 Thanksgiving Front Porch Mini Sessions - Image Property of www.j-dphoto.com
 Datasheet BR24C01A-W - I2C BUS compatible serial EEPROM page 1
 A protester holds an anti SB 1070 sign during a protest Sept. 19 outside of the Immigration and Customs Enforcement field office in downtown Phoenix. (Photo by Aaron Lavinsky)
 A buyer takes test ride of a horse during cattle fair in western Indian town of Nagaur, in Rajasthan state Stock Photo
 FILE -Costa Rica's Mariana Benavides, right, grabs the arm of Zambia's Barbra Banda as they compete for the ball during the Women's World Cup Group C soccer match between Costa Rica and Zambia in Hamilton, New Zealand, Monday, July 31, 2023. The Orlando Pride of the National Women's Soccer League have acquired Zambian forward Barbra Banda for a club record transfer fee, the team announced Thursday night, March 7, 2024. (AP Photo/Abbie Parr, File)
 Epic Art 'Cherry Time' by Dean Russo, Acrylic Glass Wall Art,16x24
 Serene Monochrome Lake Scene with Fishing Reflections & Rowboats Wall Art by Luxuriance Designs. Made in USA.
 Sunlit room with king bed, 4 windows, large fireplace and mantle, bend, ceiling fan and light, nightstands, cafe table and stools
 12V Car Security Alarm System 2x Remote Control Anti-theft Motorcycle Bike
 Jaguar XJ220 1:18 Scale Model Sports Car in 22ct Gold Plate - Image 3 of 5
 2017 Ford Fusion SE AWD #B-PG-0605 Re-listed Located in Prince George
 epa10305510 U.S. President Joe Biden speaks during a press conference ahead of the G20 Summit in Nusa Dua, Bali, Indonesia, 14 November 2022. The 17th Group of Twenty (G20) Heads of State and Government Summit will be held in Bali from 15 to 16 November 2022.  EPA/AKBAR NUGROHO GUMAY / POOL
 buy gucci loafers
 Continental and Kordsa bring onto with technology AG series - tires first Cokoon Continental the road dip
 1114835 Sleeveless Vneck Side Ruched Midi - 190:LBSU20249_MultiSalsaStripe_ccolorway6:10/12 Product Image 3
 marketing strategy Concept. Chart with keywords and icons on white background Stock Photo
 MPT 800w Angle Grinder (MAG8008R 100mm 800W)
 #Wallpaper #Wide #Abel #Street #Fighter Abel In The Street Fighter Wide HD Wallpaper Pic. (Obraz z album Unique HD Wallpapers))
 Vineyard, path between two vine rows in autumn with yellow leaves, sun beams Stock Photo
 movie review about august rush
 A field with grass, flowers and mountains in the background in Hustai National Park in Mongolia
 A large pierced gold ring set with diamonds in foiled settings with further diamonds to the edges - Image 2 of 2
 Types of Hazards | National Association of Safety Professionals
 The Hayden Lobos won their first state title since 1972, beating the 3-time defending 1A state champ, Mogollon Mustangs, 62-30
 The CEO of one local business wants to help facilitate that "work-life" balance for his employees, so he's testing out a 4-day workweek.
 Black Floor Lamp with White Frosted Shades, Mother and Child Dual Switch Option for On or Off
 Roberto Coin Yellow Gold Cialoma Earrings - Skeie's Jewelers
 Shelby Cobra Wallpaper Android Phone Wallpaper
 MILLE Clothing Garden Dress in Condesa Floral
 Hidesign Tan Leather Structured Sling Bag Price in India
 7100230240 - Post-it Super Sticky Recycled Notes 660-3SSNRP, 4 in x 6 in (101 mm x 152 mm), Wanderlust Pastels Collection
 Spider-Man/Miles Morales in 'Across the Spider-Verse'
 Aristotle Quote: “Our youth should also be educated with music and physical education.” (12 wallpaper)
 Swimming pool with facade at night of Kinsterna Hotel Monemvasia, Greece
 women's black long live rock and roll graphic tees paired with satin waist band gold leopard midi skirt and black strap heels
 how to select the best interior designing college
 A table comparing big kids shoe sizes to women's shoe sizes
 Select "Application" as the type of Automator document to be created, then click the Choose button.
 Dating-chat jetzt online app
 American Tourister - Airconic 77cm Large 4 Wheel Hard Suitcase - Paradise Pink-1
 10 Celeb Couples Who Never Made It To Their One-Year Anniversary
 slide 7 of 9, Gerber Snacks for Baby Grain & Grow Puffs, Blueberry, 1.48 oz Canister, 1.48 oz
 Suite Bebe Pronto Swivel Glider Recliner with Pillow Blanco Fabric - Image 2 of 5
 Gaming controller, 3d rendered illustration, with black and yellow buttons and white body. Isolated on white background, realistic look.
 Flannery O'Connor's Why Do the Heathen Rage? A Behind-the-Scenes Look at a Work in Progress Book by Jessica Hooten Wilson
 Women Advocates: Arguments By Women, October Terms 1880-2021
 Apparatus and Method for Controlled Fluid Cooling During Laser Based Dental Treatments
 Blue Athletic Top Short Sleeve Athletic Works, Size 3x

### Required action
Look through the entries above and count each line holding "table"; report the count alone.

### Exercise solution
2